# Alaskan Work Horse?



## Doxie-Doglover-Too (Jan 25, 2007)




----------



## Lady Di (Oct 28, 2005)

Wow, where did you find that?


----------



## Doxie-Doglover-Too (Jan 25, 2007)

Lady Di said:


> Wow, where did you find that?


sent to me by one of my suppliers!







I have 3 people always sharing stuff with me, some of which I put on the forum..


----------



## skippershe (May 22, 2006)

That's one big moose!


----------



## lafpd04 (Jan 4, 2007)

I cant believe they can actually train a moose to do that.


----------



## Reverie (Aug 9, 2004)

That looks like it was PhotShopped. Hey, isn't that moose wearing lipstick?

Reverie


----------



## HootBob (Apr 26, 2004)

All I can say is WOW

Don


----------



## usmc03 (Jun 6, 2006)

It could be real but I don't think it is from up here. I do know some years ago, there was a trained moose a company was using in commercials. Maybe one of the other Alaska OB'ers can verify.

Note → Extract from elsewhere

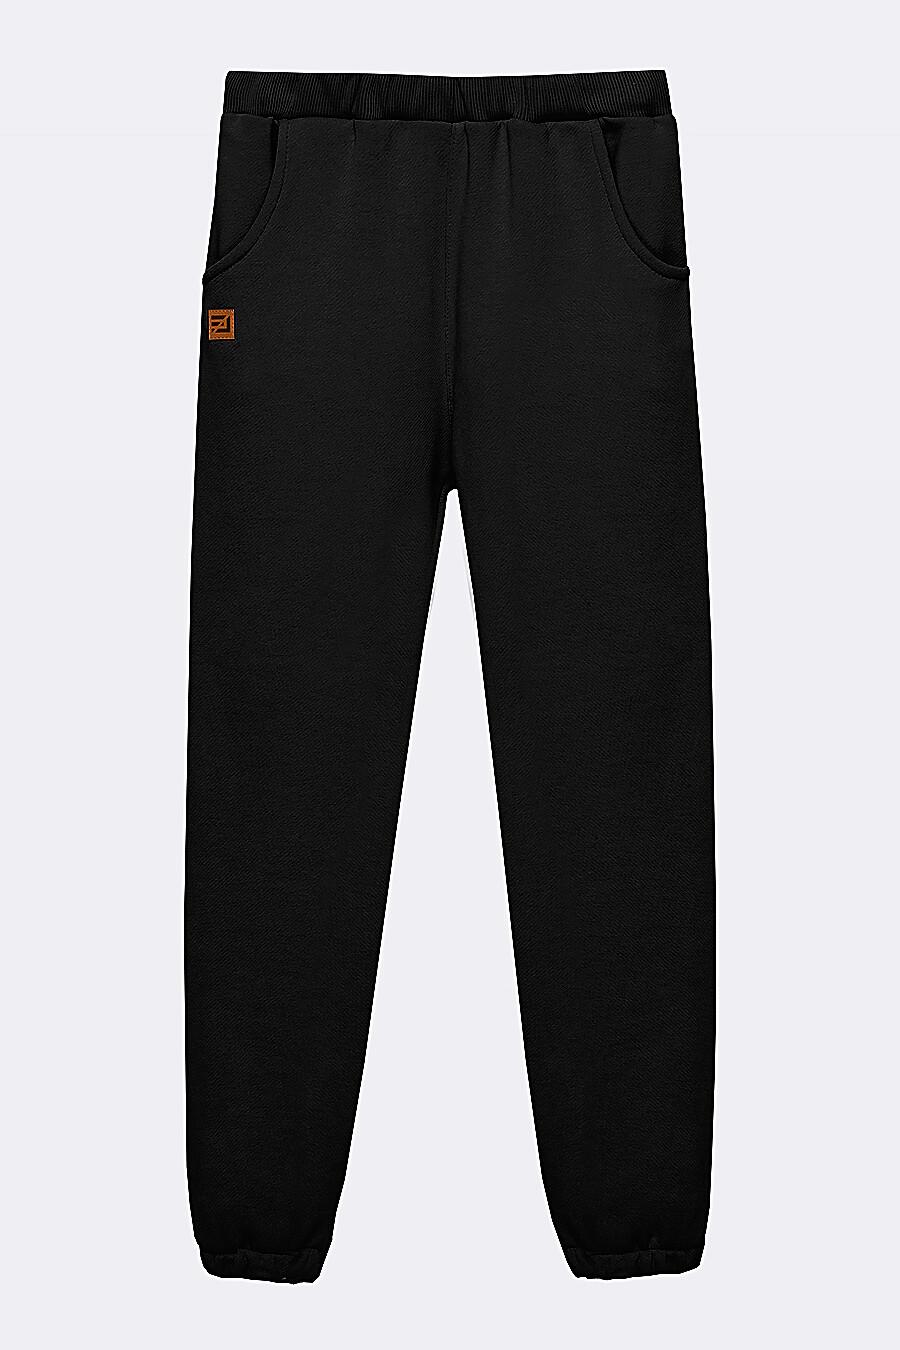 Костюм(Худи+Брюки) для мальчиков EZANNA 682540 купить оптом от производителя. Совместная покупка детской одежды в OptMoyo

I know down south of me in Soldotna, there is a big stuffed moose that looks like that, that people can sit on and take pictures with.


----------



## Ahumadas (Apr 16, 2006)

Notice the logs are the same on left and right just mirror imaged??


----------



## Oregon_Camper (Sep 13, 2004)

Funny idea...guessing it is fake.


----------



## outbackinMT (Oct 7, 2006)

Well if it IS real, all I can say is HOLY CRAP!!!!









Brenda


----------



## N7OQ (Jun 10, 2006)

Reminds me of a book I read, "Antlers in the tree top, By Who goosed the moose"

That is a cool picture but just can't believe it is real.


----------



## Doxie-Doglover-Too (Jan 25, 2007)

Ahumadas said:


> Notice the logs are the same on left and right just mirror imaged??


good eye!


----------